The guidelines include daily COVID-19 self-assessment screening for drivers and students, mandatory masking of all drivers and students from Kindergarten to Grade 12 while on school vehicles, assigned seating for students on school vehicles enhanced cleaning protocols of disinfecting high-touch surfaces twice daily for school vehicles, and promoting physical distancing at bus stops, proper hand hygiene, and respiratory etiquette.
He confirmed personal protective equipment has been provided for all school vehicle drivers throughout the pandemic.
But Griffith says the type of equipment and how buses are sanitized varies from bus company to bus company. Griffith said her company provides hospital-grade equipment, including wipes and sanitizers, but it isn't the same for each company.
The issue some of the drivers have with the policies in place is that they are not uniform across the board. Bus companies each have their own set of policies when it comes to safety training, COVID protocols and pay.
"When it comes to the fundamentals there should be consistency with the school boards, the government," said Griffith.

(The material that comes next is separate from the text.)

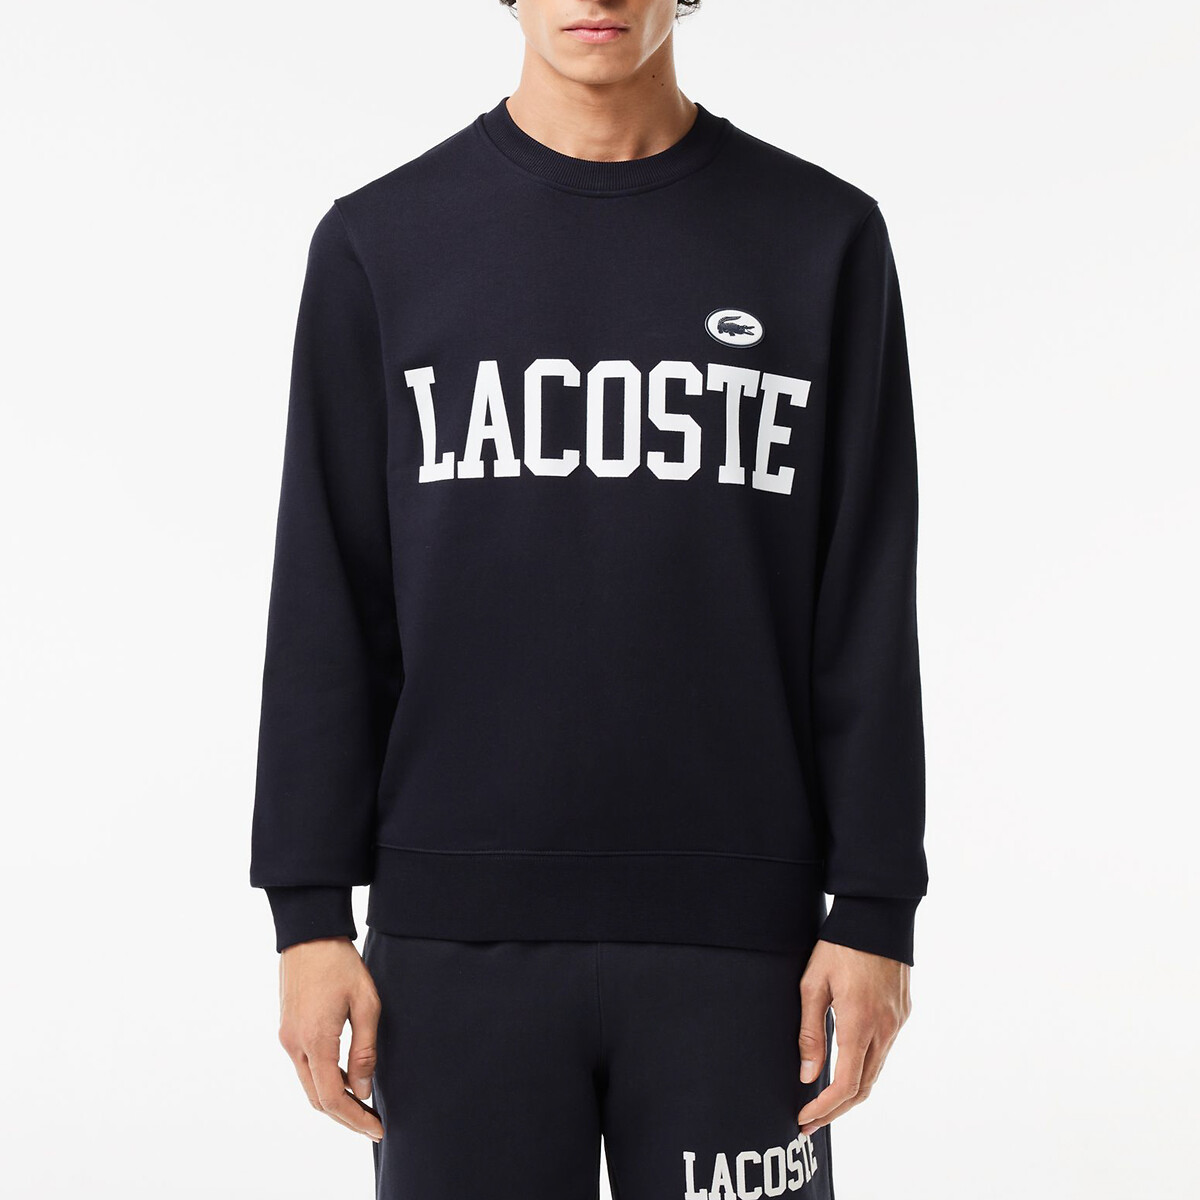 Lacoste Sweatshirt Jogging Sweatshirt mit großem Markenprint
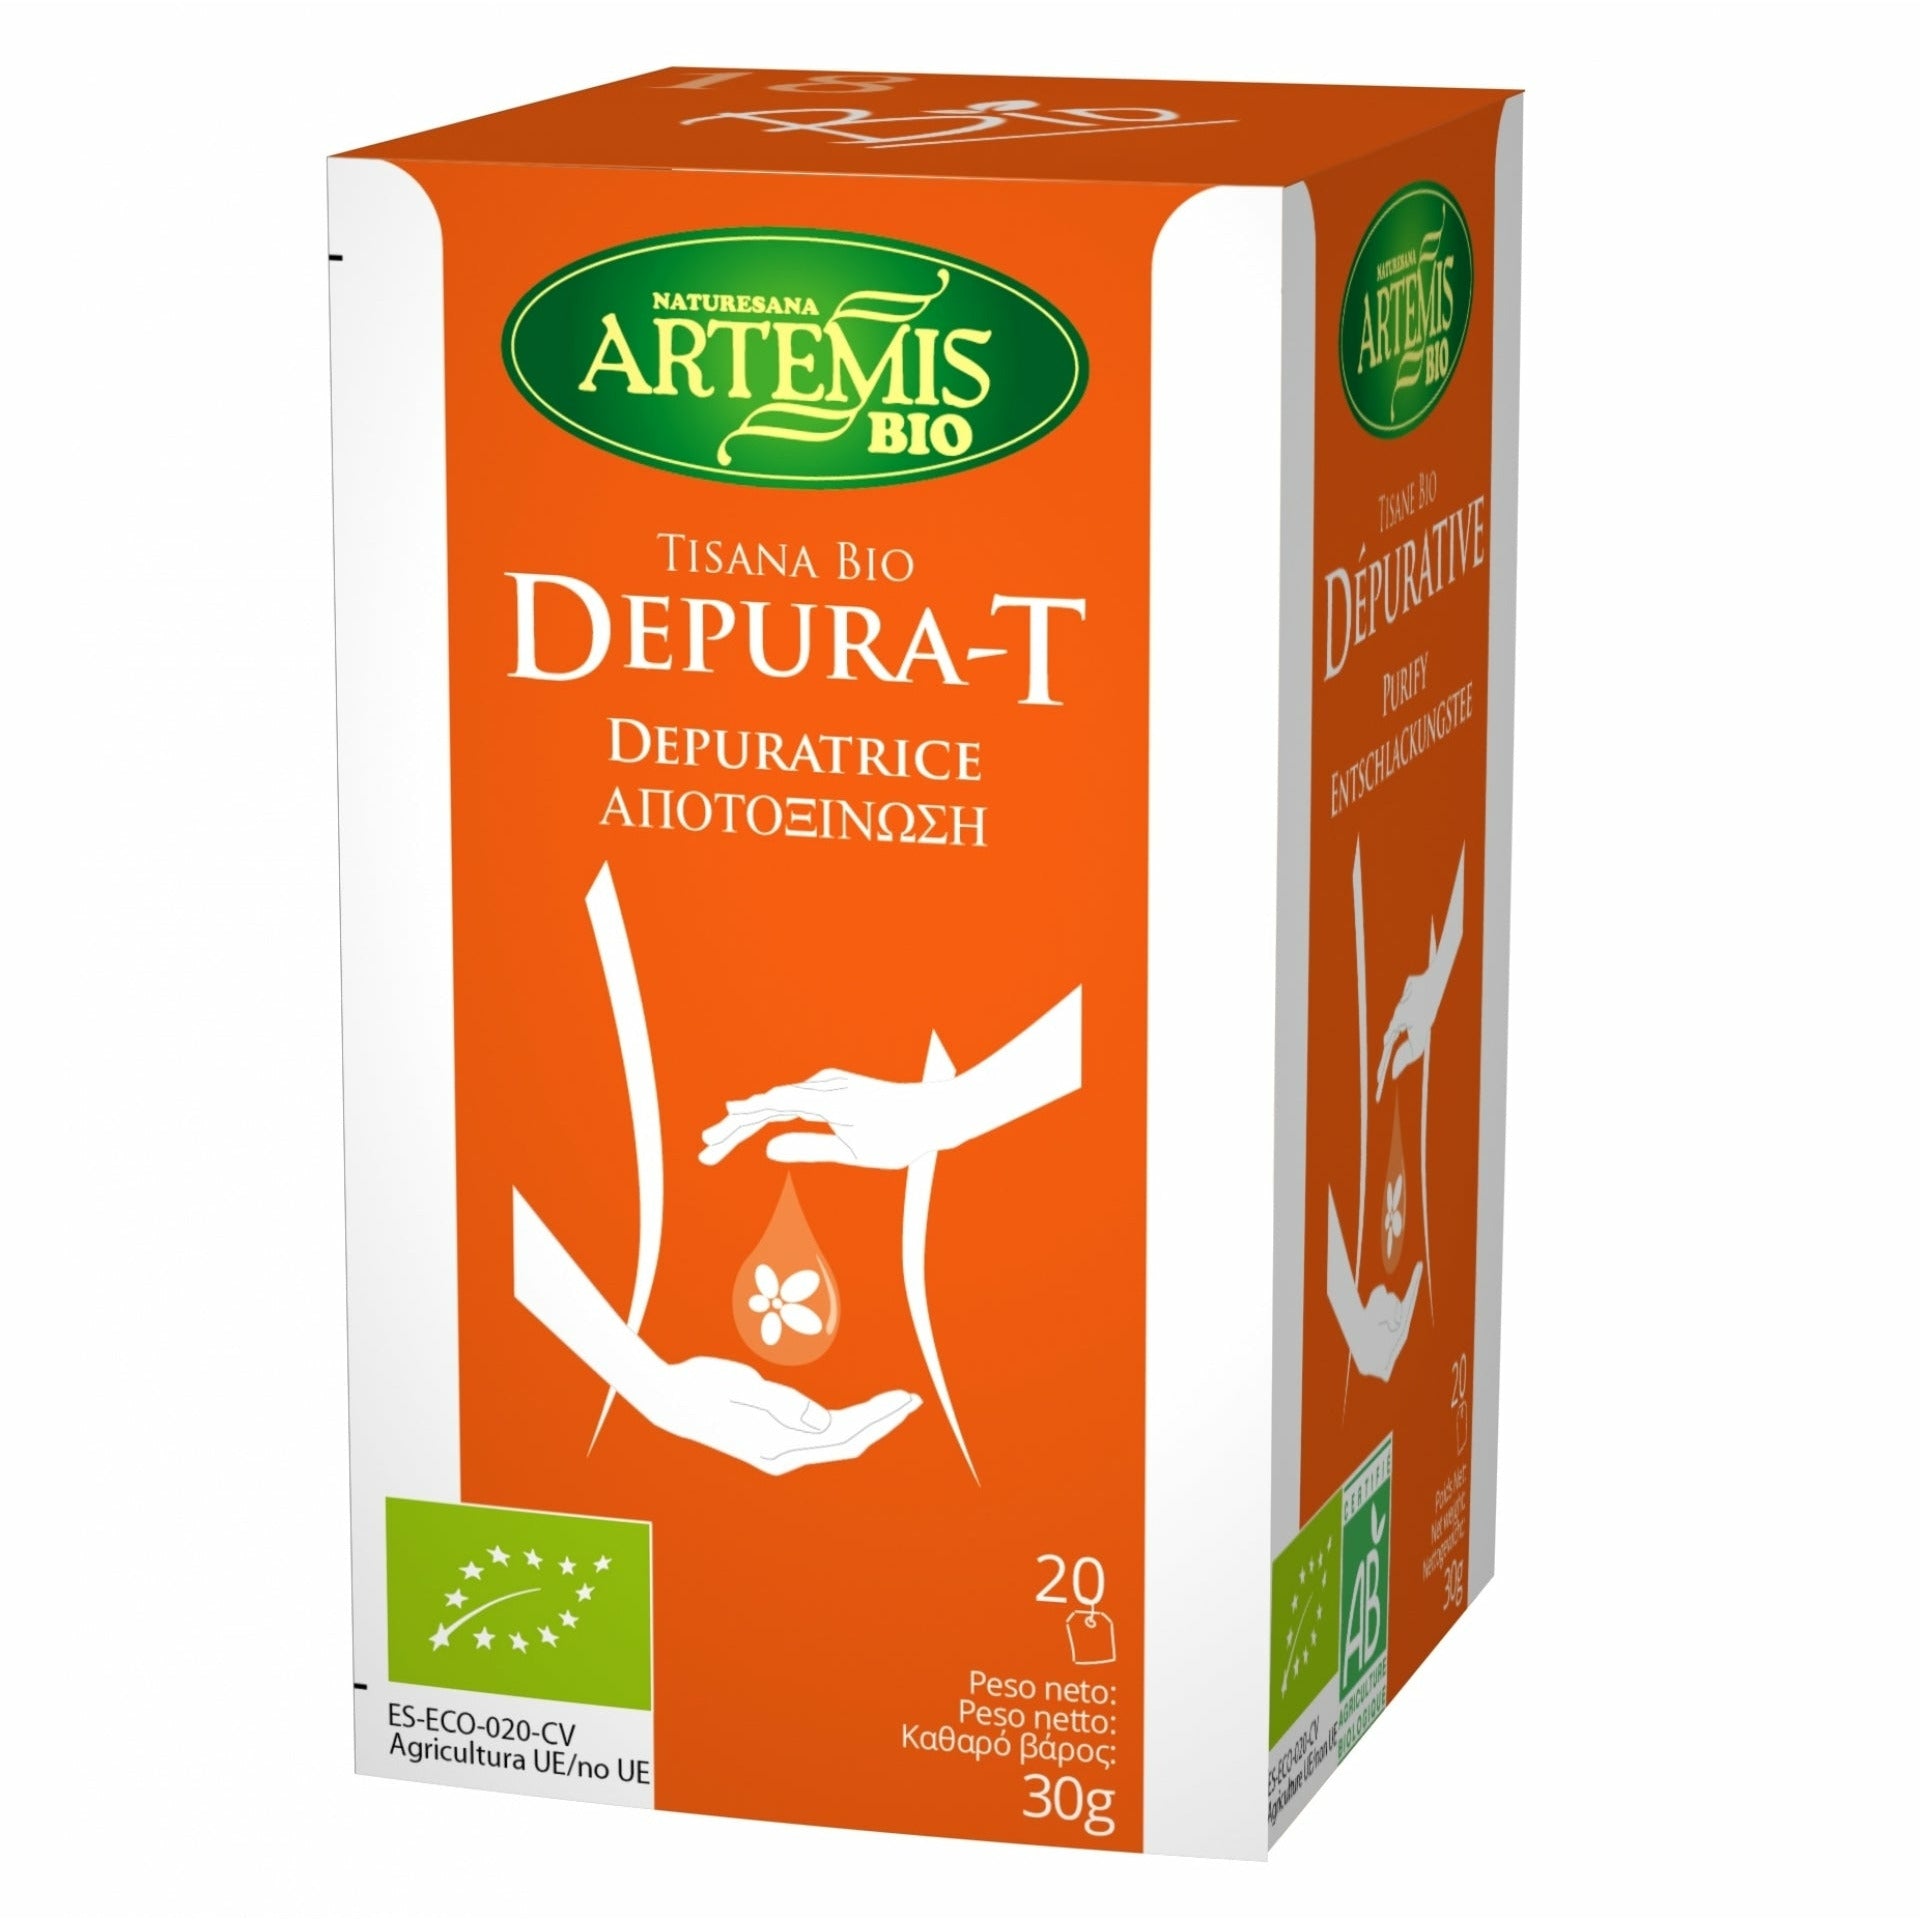 Artemis-Bio-Depura-T-20-Filtros-Biopharmacia,-Parafarmacia-online

"We are truly the last to be thought about," said Sara Smith (name has been changed for confidentiality), a school bus driver of 23 years in Simcoe County.
One of her concerns is that if she catches COVID, her company will not pay her, and she will need to collect EI or WSIB.
"I think the company should step up because you showed up for work and they should be paying you your daily wage," said Smith. "If I was a new driver starting out, with all the responsibility and with the pay, I wouldn't even think of it."
According to payscale.com, the average bus driver in Ontario makes $17.29 an hour.
When asked why she keeps driving, Smith says it's because she loves her job and working with the students.
"I just wish we were thought of more," said Smith, noting there is not much appreciation or recognition for school bus drivers, from officials and parents.
Another driver, Jane Doe, (name has been changed due to confidentiality reasons) is currently battling COVID. She has been a bus driver for the past 18 years and says it has been a tough time being a bus driver in a pandemic.
"For the first time in ever, I thought about changing careers," she said. "They have very specific guidelines for everybody but not bus drivers, we seem to be left out in the cold."
"I am supposed to be watching the road, I am responsible to keep all of these kids safe, and making them wear a mask is keeping them safe but there is only so much one person can do," she said.
Bus driving is "not for everybody" as Smith pointed out, noting the high turnover rates in the industry.
In 2017, the Ontario government launched the Driver Retention Program (DRP) through the Ministry of Education, committing up to $60 million to fund three $1,000 bonus payments per term from 2018-2019, as a reward for continuous employment. The bonus was extended to the 2021-2022 school year.
The purpose of the bonuses is to enhance school bus driver recruitment and retention among school bus operators in the Province of Ontario.
"It's there to try to get new people driving because they are always shorthanded and can't keep drivers," said Griffith.
Griffith was driving at the time the bonuses were given out, and says she didn't receive her bonus payments until six months after the term.
"Drivers feel ignored, unimportant," said Griffith. "They just want to be equally considered, it's (driving a school bus is) not considered an essential service and it should be."